Public Safety Commissioner Candidate Tim Coll Addresses Forfeiture Issue

In the following video from that meeting, Tim Coll tried to explain to the Council why the resolution was flawed:

Withdrawn Again

Yet again, the resolution was then withdrawn, this time by Kim.

Kim Submits Meaningless Resolution For July 6, 2023, Council Meeting

Kim has now tweaked the resolution yet again in an attempt to put together something that will be both legal and that can pass. His new resolution reads, in part:

Whereas, to the the extent allowed under the Federal requirements for the dispersal of assets seized in controlled substance arrests and criminal activity, the Saratoga Springs Police Department, as the Administrator of the Federal Equitable Sharing Program is required to work cooperatively with the City Council to disburse these funds under Section B.1 (i) and (k) of the published guidelines for prevention, awareness and support of community based organizations to help fund community-based programs for community policing, treatment of addiction, homelessness and other restorative justice initiatives within the administrative requirements of these programs.

-Kim Resolution

This resolution could have been written for a Monte Python comedy skit on lawyers. What is the point of memorializing in a resolution that the police department is required to work cooperatively with the City Council? Maybe they should have a resolution that requires the police to protect the public from crime or that the fire department should put out burning homes as quickly as possible?

This resolution is a bone thrown to the Black Lives Matter group that has no meaning.

A Disservice To The Public

While it may have happened occasionally during past administrations, the withdrawal of resolutions during Council meetings has become a frequent event with this Council. We went through the same dance with this Council’s repeated tortured attempts to adopt the equally flawed Task Force proposal to ban no-knock warrants. And the result was a similarly meaningless resolution that BLM oddly then took a victory lap for.

It is grossly unfair to the public to allow an agenda item to be published on the city’s website only to be withdrawn at the Council table without a vote sometimes never to appear again. People concerned about a piece of legislation may go through the effort to attend a Council meeting and address the Council during the public comment period only to subsequently discover that it has been withdrawn and the effort to show up and address the Council was pointless.

A Breakdown In The Deliberation Process

During the Meg Kelly administration, resolutions were rarely withdrawn.

The reason for this was the effective way that legislation was vetted before Council meetings.

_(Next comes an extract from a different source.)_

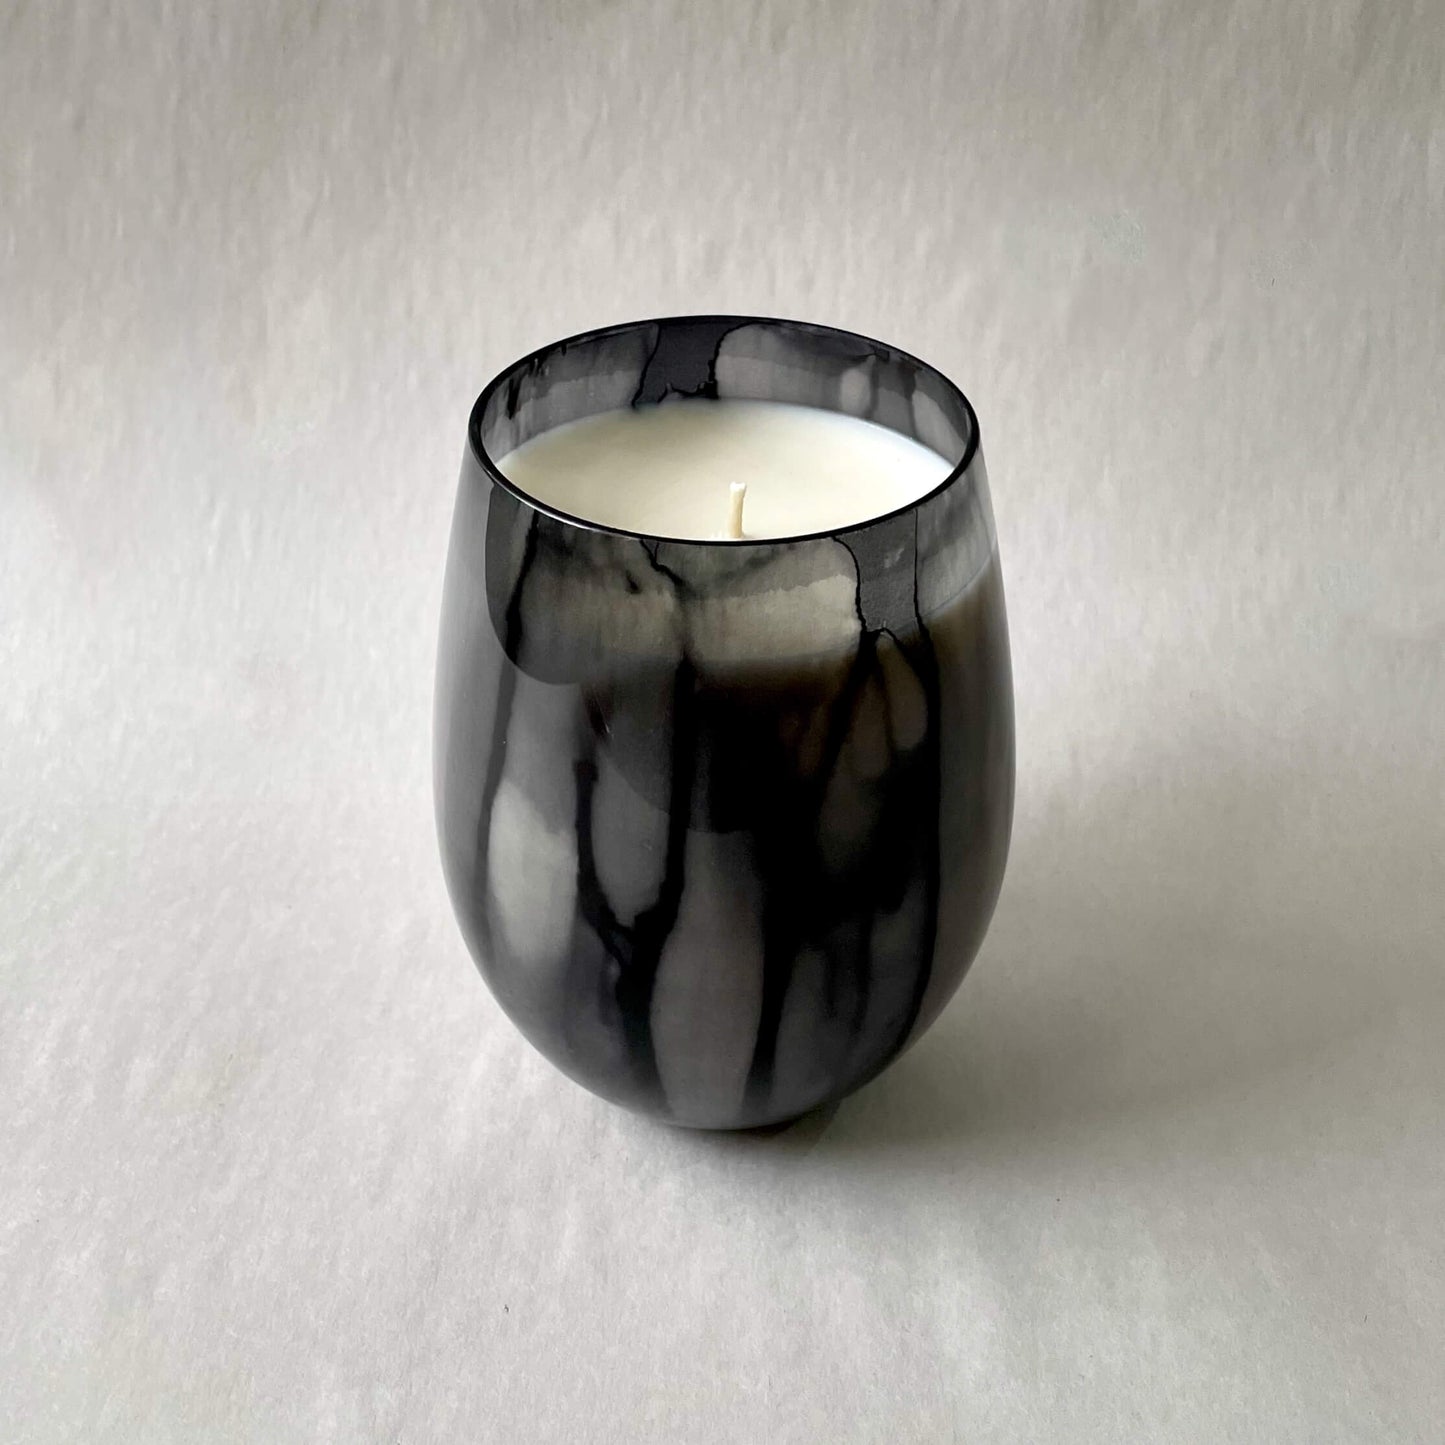 Clean Burning Pure Soy Scented Aromatherapy Candle in Luxurious Decor Style Hand Painted Vessel
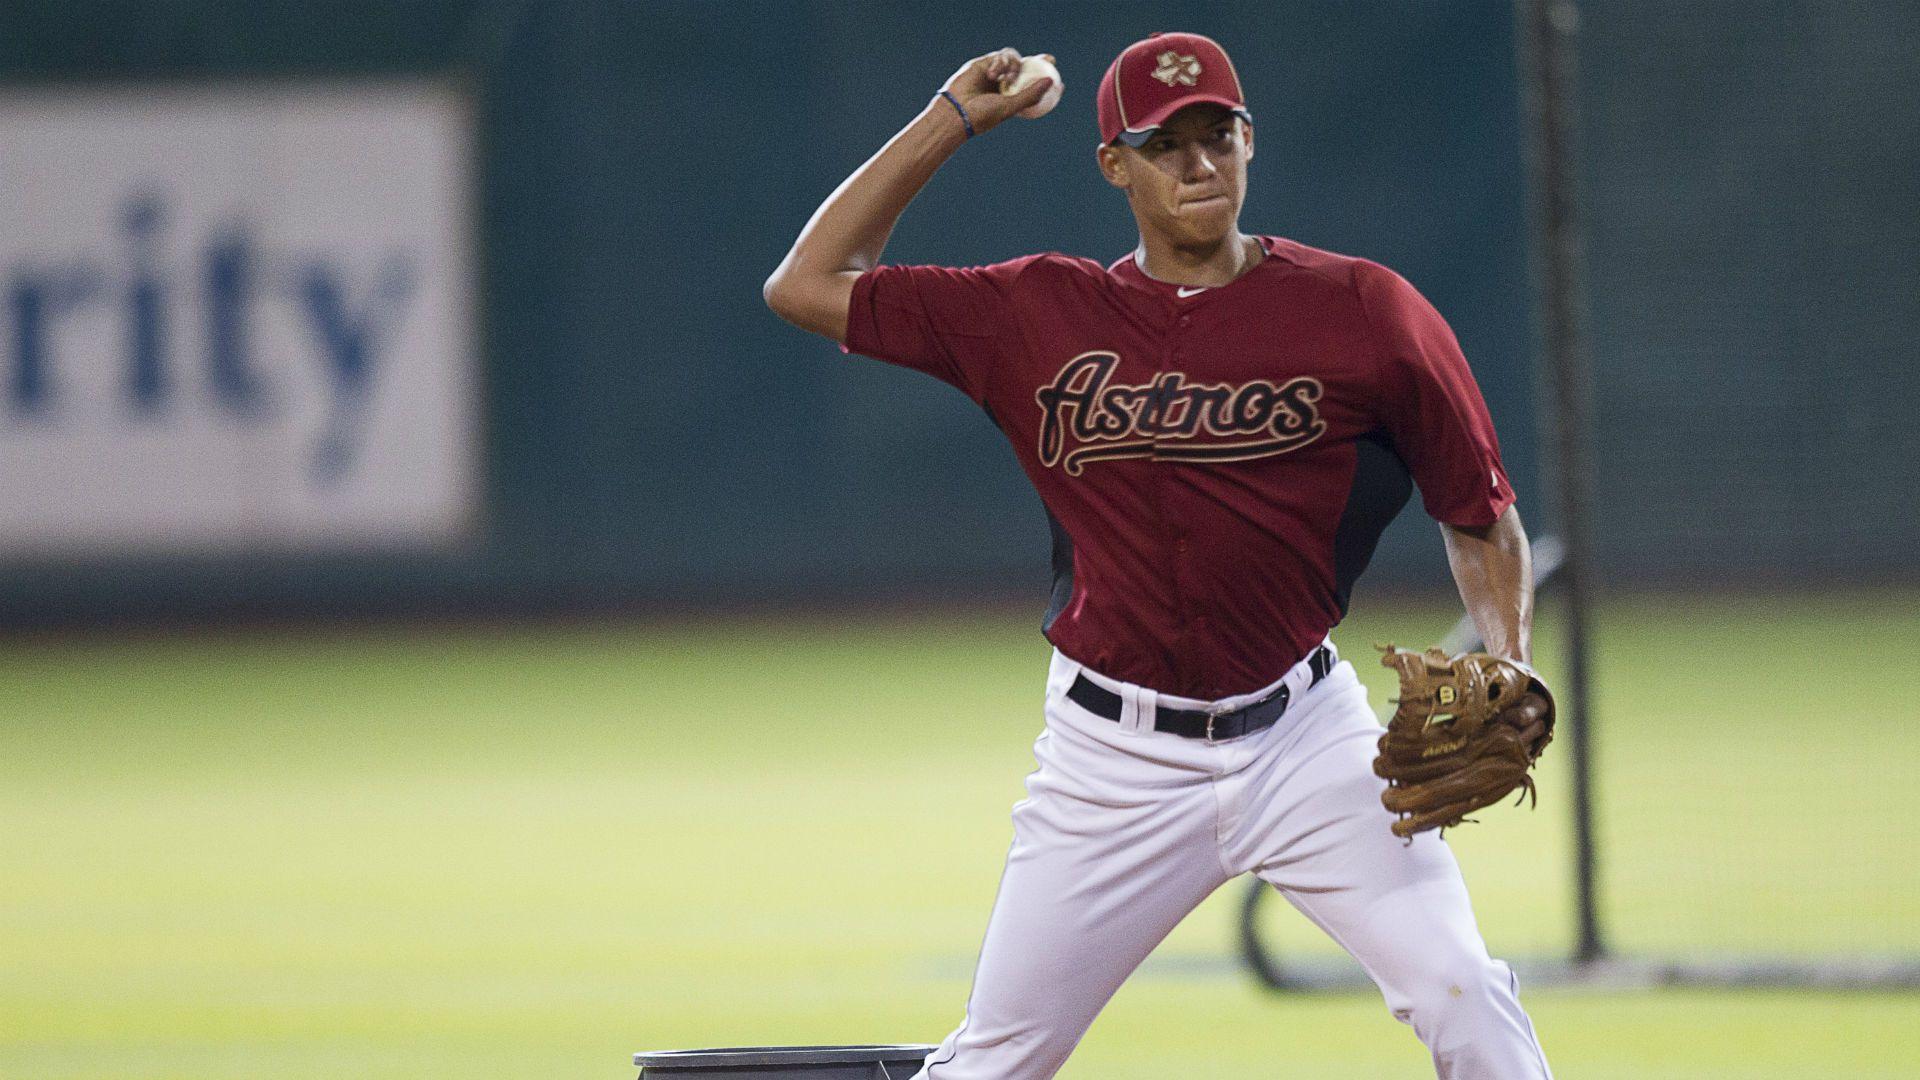 Scouting the Prospects: Correa could star for Astros.

Agendas were posted on the Friday before the Tuesday Council meetings.

This provided the Council members the weekend to study what actions would be considered.

The Council then had a “pre-agenda” meeting on Monday morning where any questions or issues regarding proposed resolutions would be raised to address problems before the regular meeting.

During the administrations of both Meg Kelly and Joanne Yepsen, the city attorney, Vincent DeLeonardis, was allowed to truly act as counsel to all the city’s elected officials.

He would assist the Council members in crafting their resolutions to ensure ahead of time that these resolutions would not conflict with the city charter and state and federal statutes.

DeLeonardis built up trust among the Council members as a fair broker in doing his work.

This sound approach to crafting legislation has basically collapsed.

The two City Attorneys hired by Kim and subject to being fired by him now act as his personal attorneys rather than the Council’s.

The Monday agenda meetings are now brief affairs during which each member simply reads their agenda items. Unlike in the past, there are few if any questions and there is no discussion.

No Wonder There Is Chaos

So basically, there is virtually no review of agenda items, and any problems with resolutions are left to the night of the formal Council meetings. This contributes to the marathon Council meetings that go on for hours and often result in poorly considered legislation such as the three versions of the forfeiture resolution referenced above.